So in your view having the government own and operate the police, military, courts, firefighters, and education system is not socialism? Why won't you address my very real hypotheticals about the awful things that can happen under capitalism?

State such hypotheticals and I will address them.

In a city that is 85% Christian, the business owners refuse to hire or employ anyone who is not a devout Christian. Your choice is to either leave the city or convert. Is that a good thing or a bad thing? Since the government doesn't regulate businesses and respects private property rights under real capitalism, this sort of thing would not be illegal.

A grocery store chain decides that it doesn't want to have black people in its stores so that white people will not have to suffer the company of black people. Is that a good thing or a bad thing? Since the government doesn't regulate businesses and respects private property rights under real capitalism, this sort of thing would not be illegal. Of course you could argue that that is irrational and that capitalism is actually the cure for racism. Blacks could always show at black-owned grocery stores (assuming that landowners would sell or lease the land for that).

Rich Influential Guy X dislikes Regular Guy Y, so he tells every business in town not to do business with Y and tells the road owners not to allow him on their roads, effectively trapping Y at his own driveway.

Let's pretend that instead, Rich Guy X purchase all of the land and roads that surrounds Guy Y's home, turning Guy Y into a trespasser if he tries to leave his property. (This is known as the Problem of Encirclement.)

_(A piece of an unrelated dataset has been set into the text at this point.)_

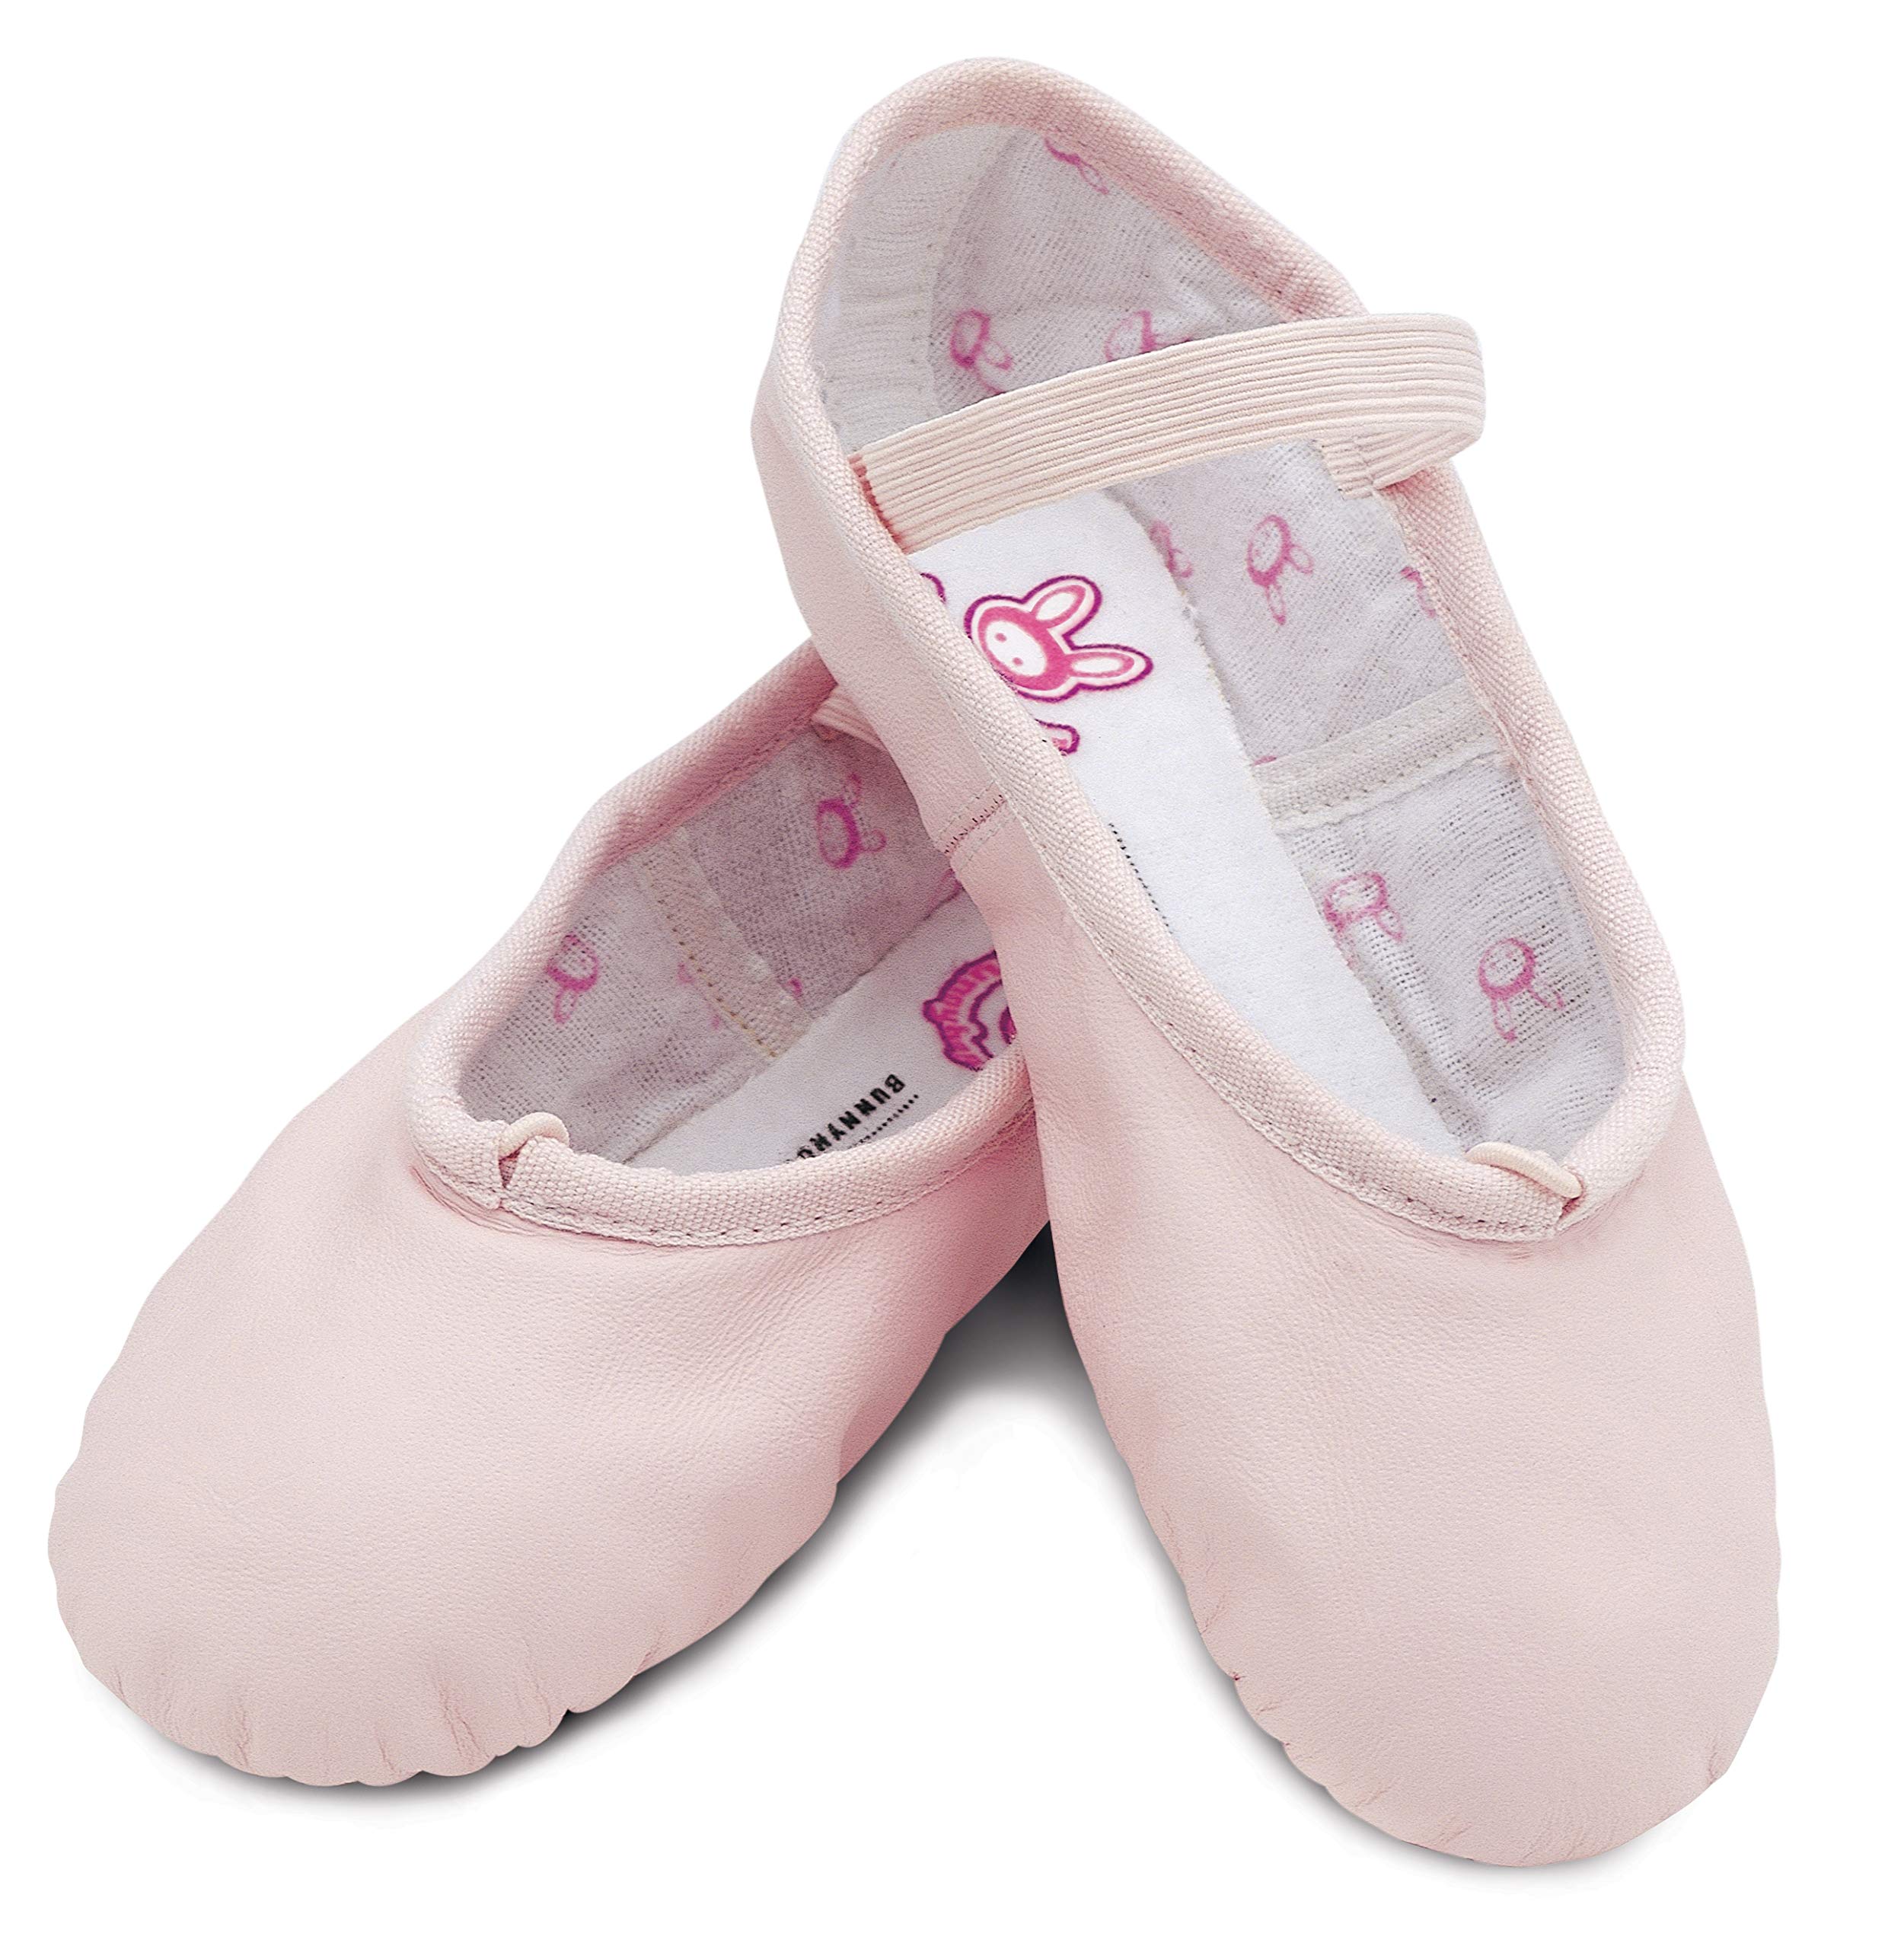 Bloch Dance Bunnyhop Ballet Slipper (Toddler/Little Kid) Little Kid (4-8 Years), Pink - 6.5 C US Toddler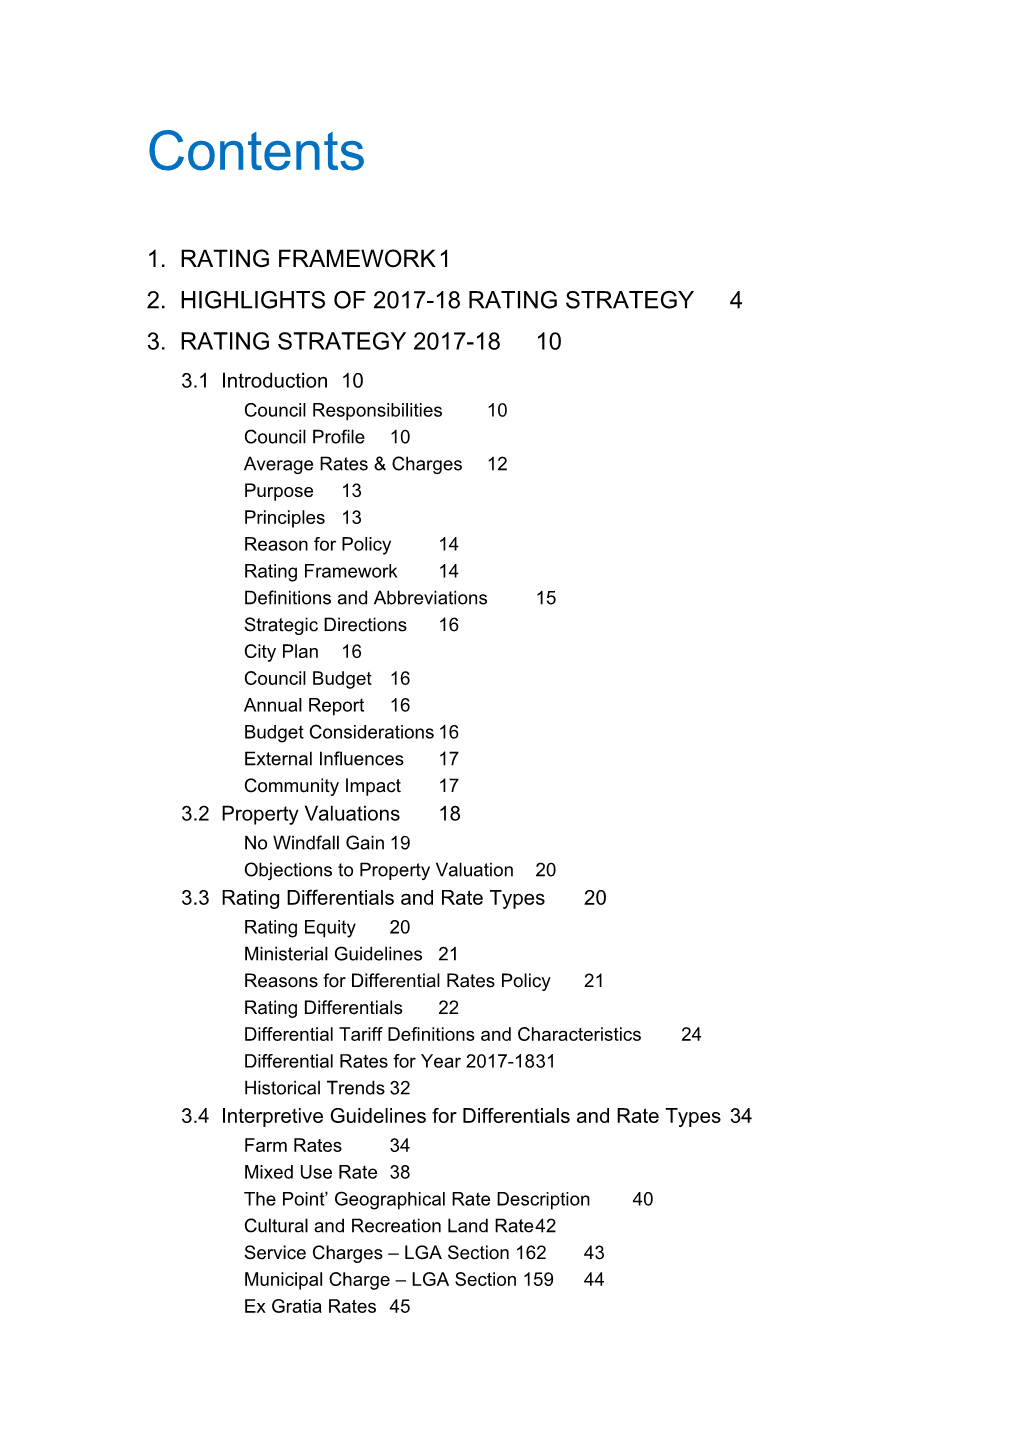 1. Rating Framework

The nations' businesses tire of sharing a significant percentage of their employees' contribution to the act of wealth production with their employees and reason that they could all be much wealthier if only they had slaves, indentured servants, and/or near-slaves working for them. So they bring over 100 million impoverished people from third world nations to work for poverty wages and fire all of their American employees, effectively increasing the labor market overnight and putting severe downward pressure on wages. The banks then repossess the homes of the Americans who cannot afford to pay their mortgages, robbing them of any equity they had built up. Although new businesses might open up, since the government doesn't regulate immigration at all nor who is present on private property, the businesses can continue to import people into the country. This also results in overpopulation and a large decrease in everyone's standard of living and increases the demand and price for resources. Is that a good thing?

It's good to have elements of capitalism in the nation's economy, but too much of it leads to what the advocates of capitalism claim that they fear--dictatorship and poverty--not caused by government regulations and evil socialist taxes, but by the owners of capital. They claim to oppose the initiation of physical force yet end up supporting a system that would result in an indirect initiation of physical force via the enforcement of private property rights. Unfortunately, since we don't live on our own individual islands and since resources only exist in finite quantities, there is in fact such a thing as a conflict of interest amongst rational men (regardless of an unconvincing essay a famous author once wrote on this subject) and it is essentially impossible to keep from initiating force against other people in indirect ways, hence the need for rational government regulation of the marketplace and the economy.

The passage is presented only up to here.